Dendreon has some bright and capable people on its management team, but this series of blunders makes you wonder who's minding the store. Even though this was one of the most anticipated cancer drug debuts in recent years, the company didn't hire a senior vice president of sales and marketing until three weeks before the FDA approval arrived in April 2010. Many companies have a person like that on board, along with key lieutenants, at least a year before a product introduction.

The senior vice president of sales and marketing who was hired late in the game, Varun Nanda, looked like he had the perfect resume for this job, having worked on cancer drug sales and marketing at Roche's Genentech unit. But seven months later, Nanda was gone. No official explanation was given for the departure of this executive in a critical position. Then the position -- which ought to be one of the plum marketing jobs in all of biotech -- remained vacant for six months. Now Dendreon said it has a new SVP of commercial on board, Robert Rosen, who Gold said has experience marketing major cancer drugs like trastuzumab (Herceptin) and sorafenib (Nexavar).

Rosen has his work cut out. Even if he and his team do a great job of explaining to doctors what the deal is with Medicare, those doctors are not taking Dendreon's word for it, Gold said. They will want first-hand evidence, on a patient-by-patient basis, to prove that they will get reimbursed, before they get comfortable prescribing multiple patients in a row, he said.

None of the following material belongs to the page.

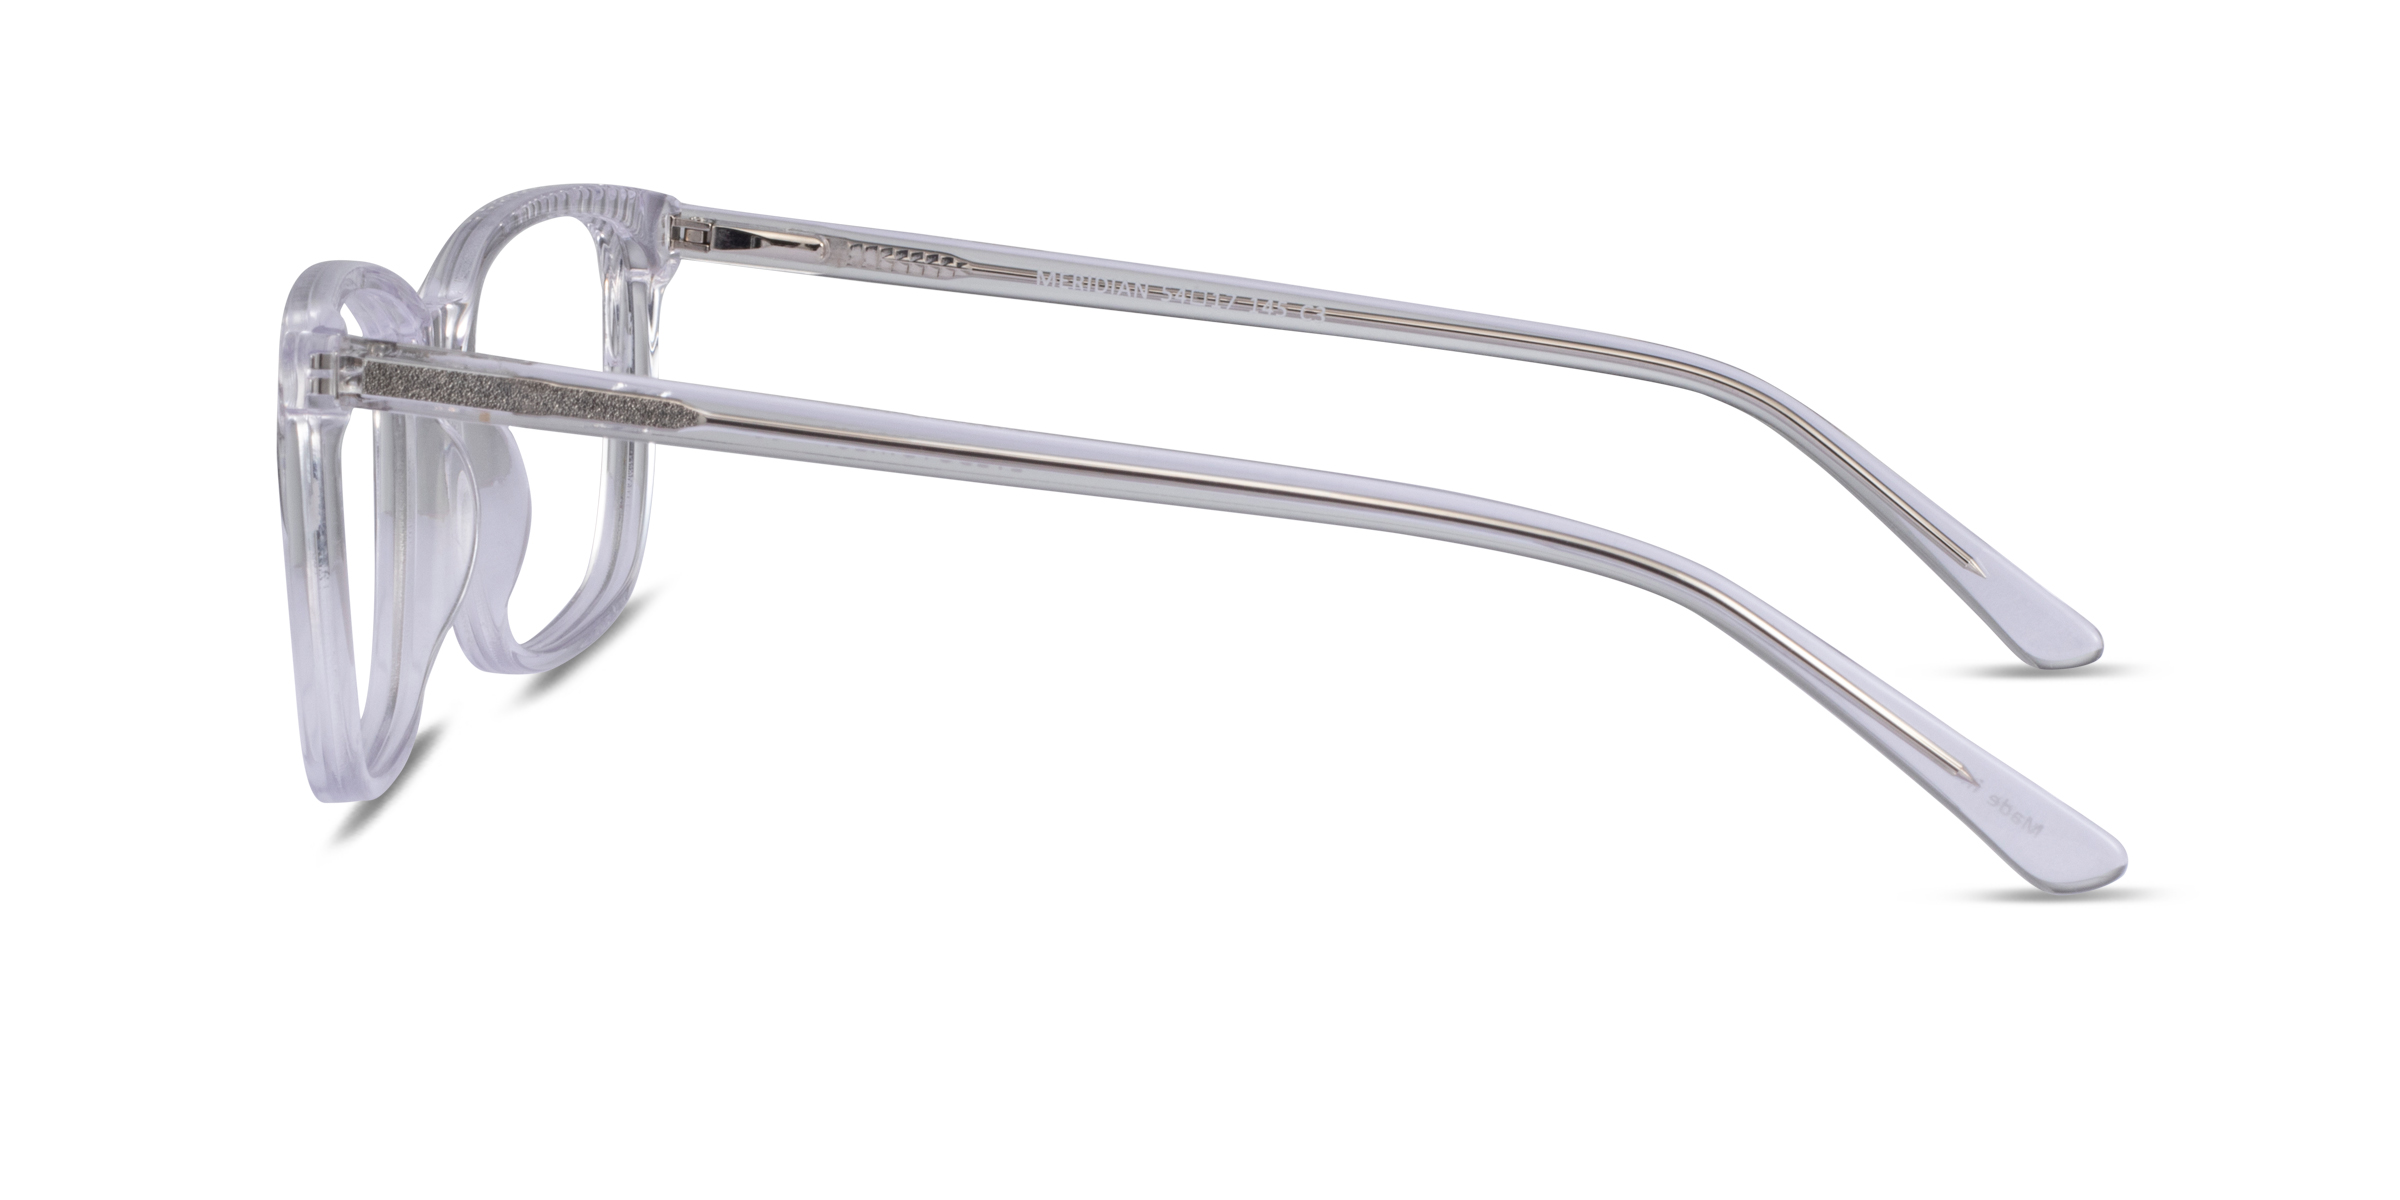 Meridian Rectangle Clear Full Rim Eyeglasses | Eyebuydirect

Gold, who's trained as a urologist, should have been able to see some of these concerns coming a mile away. When Dendreon says it didn't really foresee how skittish urologists might be about reimbursement, it rings hollow. Equally galling, the company kept referring to how it didn't see this coming because it only recently started moving beyond the top academic centers and pitching its drug to smaller, community-based urologists and oncologists. The billion-dollar sales projections always depended on wide adoption by community physicians. It's hard to believe Dendreon could have been so far out of touch with the needs of their practices.

There were lots of moving parts to the Provenge launch, and Dendreon appears to have executed well on important aspects like manufacturing and supply chain logistics. But when you're touting a company into something worth $5 billion, and hiring a staff of 2,000 people around the country, there are no excuses for major stumbles like this.

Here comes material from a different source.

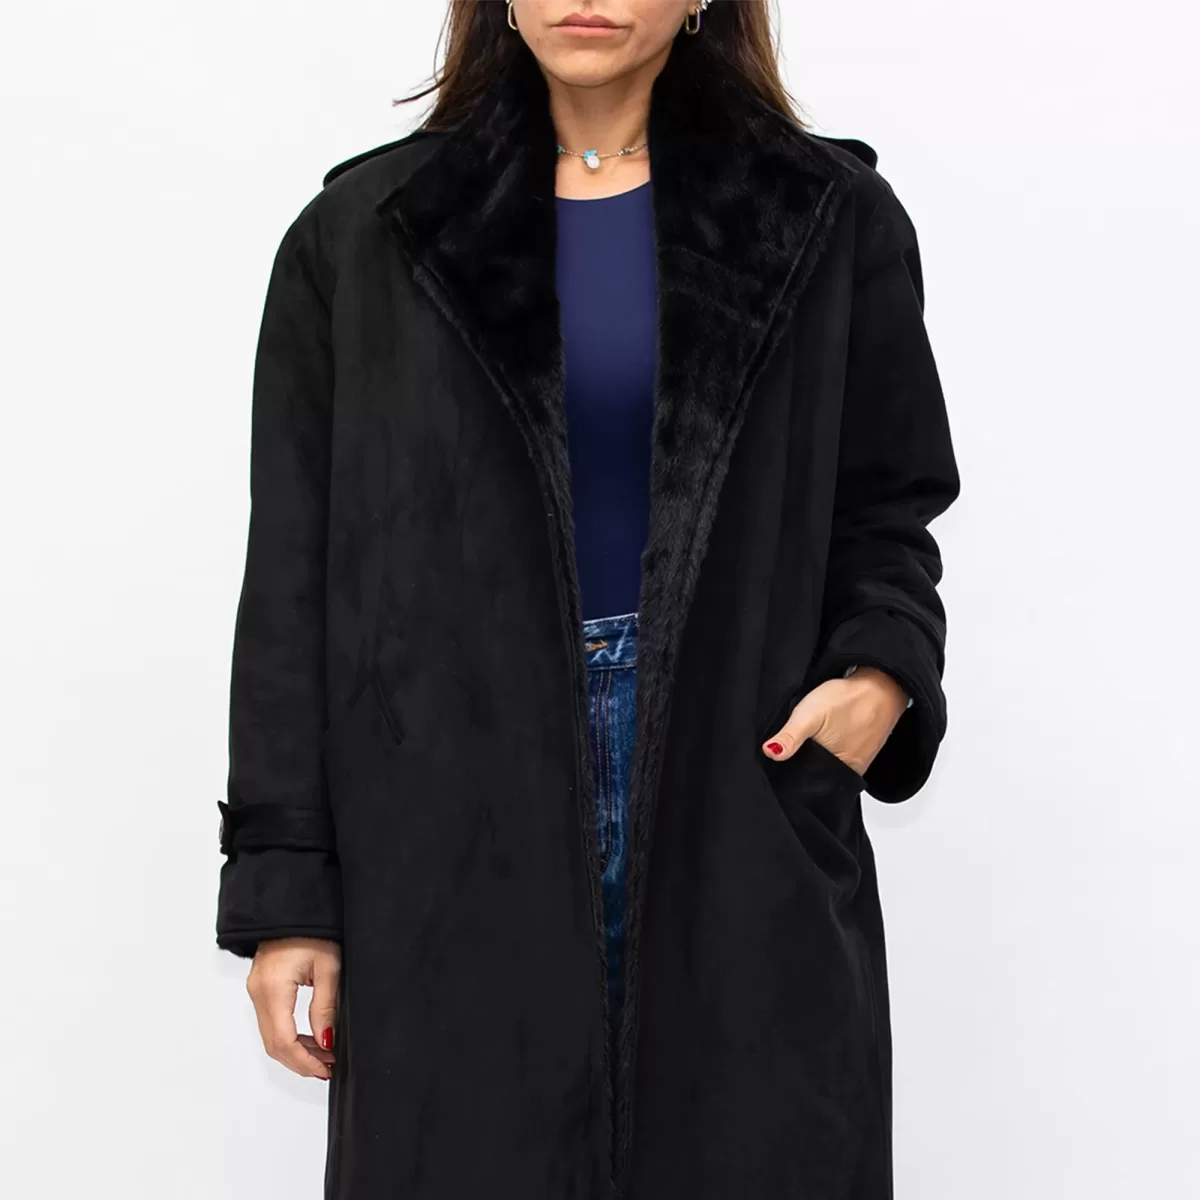 Black Fur Coat Suede with Fur lining Belted Jacket

Given all the mistakes Dendreon has made, and the unique profile of its infusion-based medicine, I don't think it means other companies are doomed to follow its lead. Just this year, Bristol-Myers Squibb successfully rolled out ipilimumab (Yervoy) and Vertex Pharmaceuticalsnailed its launch with telaprevir (Incivek).

Since this is biotech, and it's a risky business, there will always be companies like Dendreon who let big opportunities slip through their fingers. But there are also companies out there proving they can hang onto the ball, and drag a couple of tacklers into the end zone at crunch time. Let's all hope investors can still see the difference.